For setting up an ensemble learning method, we generally use a single base learning algorithm to have homogeneous weak learners that are trained differently.

The weak learners that are selected must be in line with the aggregation method – for example, if we choose a base model with low bias and high variance, the aggregating method should be one that tends to reduce variance and vice versa.

But this leads to the next logical question – what are the major kinds of aggregation methods used for combining weak learners?

In the following few sections, we will focus on two major ensemble or aggregation methods for weak learners, namely, bagging and boosting.

Bagging and Boosting in Data Mining

Bagging and boosting are two types of ensemble methods that are used to decrease the variance of a single estimate by combining several estimates from multiple machine learning models. The aim of both bagging and boosting is to improve the accuracy and stability of machine learning algorithms through the aggregation of numerous ‘weak learners’ to create a ‘strong learner.’

What is Bagging?

Before we dive into bagging as an ensemble method, let’s first look at an essential foundational technique – bootstrap.

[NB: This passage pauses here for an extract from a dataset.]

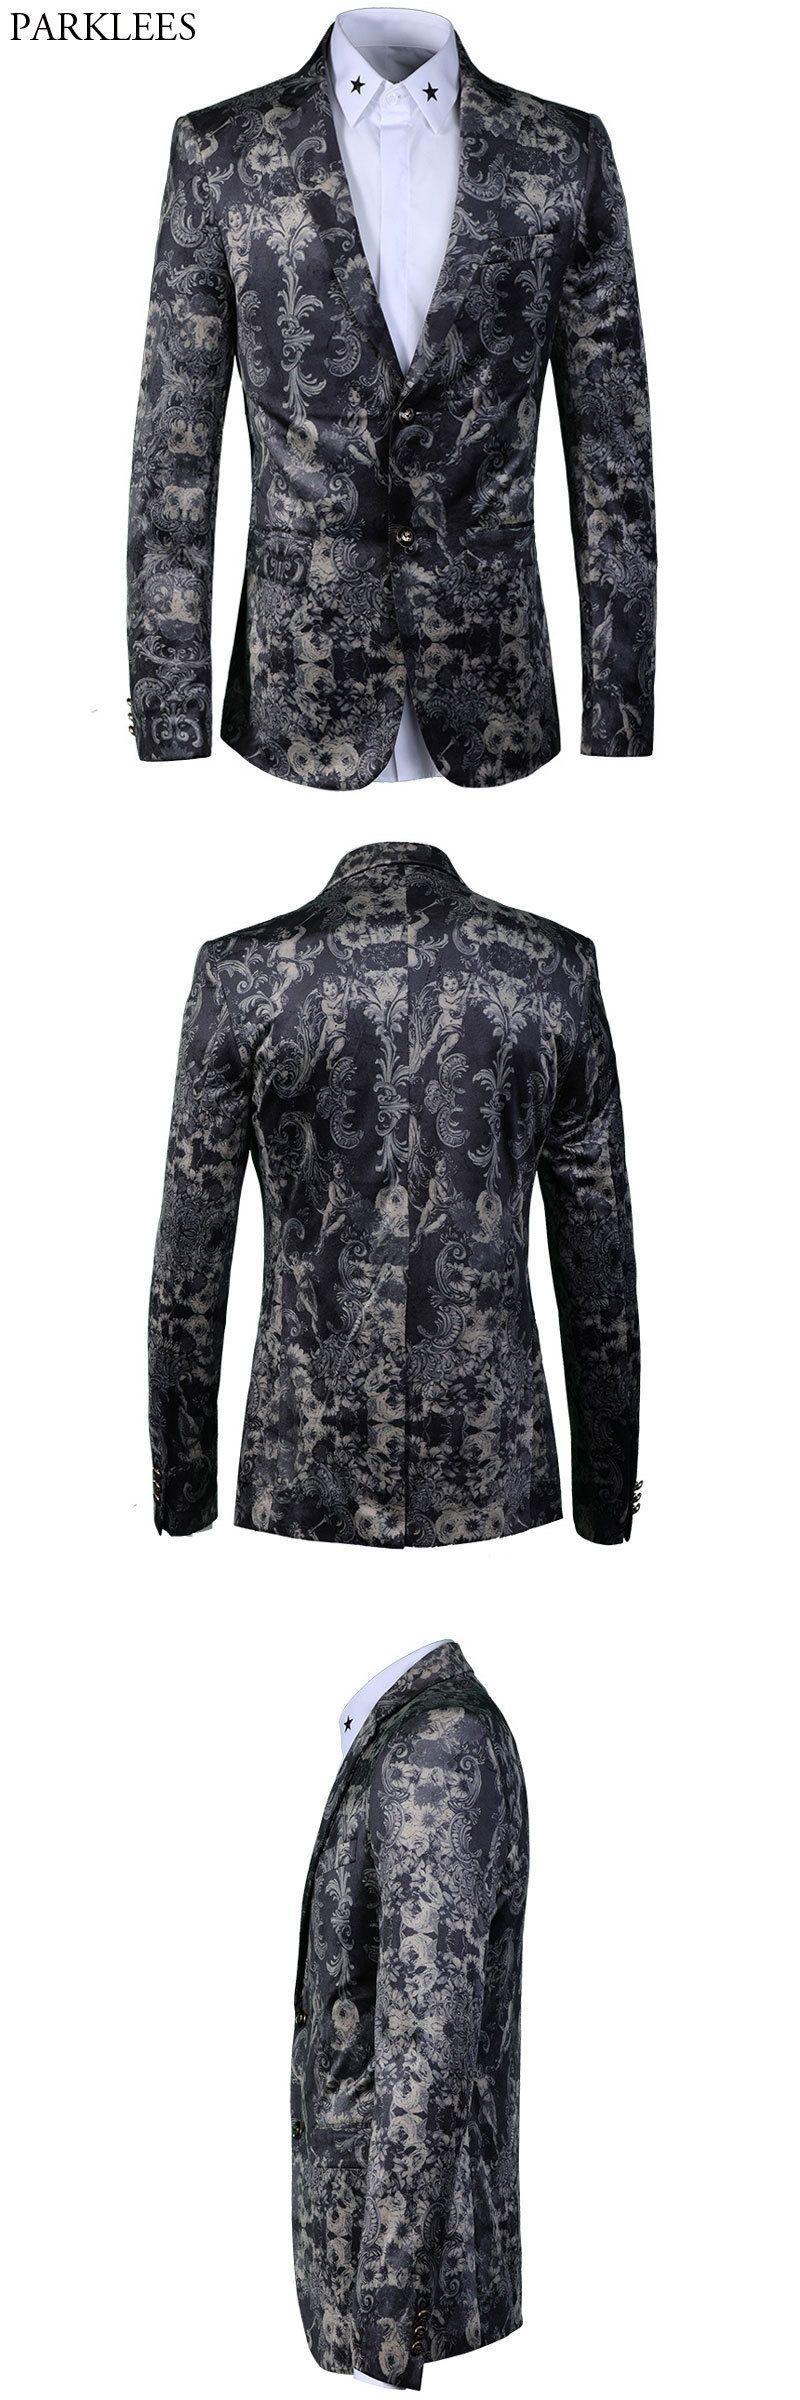 Stylish paisley floral blazer men luxury brand vintage mens

Bootstrap is a statistical method that is used for estimating a quantity from a data sample. For example, assume that we have a sample of 1000 values (x) and want to calculate the mean of the sample.

This can be calculated directly as:

mean(x) = 1/1000 * sum(x)

However, as the sample is small, there is a scope of error in the mean. To improve this estimate, we can use the bootstrap method. Here, we will create several (say about 1000) random sub-samples from the dataset with replacement and calculate the mean of each sub-sample. Next, we calculate the average of all the collected means, and this value may be used as the mean for the data.

Now we will talk about bagging, which is nothing but short for Bootstrap Aggregation. Bagging is a simple yet powerful ensemble method that is useful for reducing the variance in algorithms with high variance and low bias, such as classification models in the decision tree.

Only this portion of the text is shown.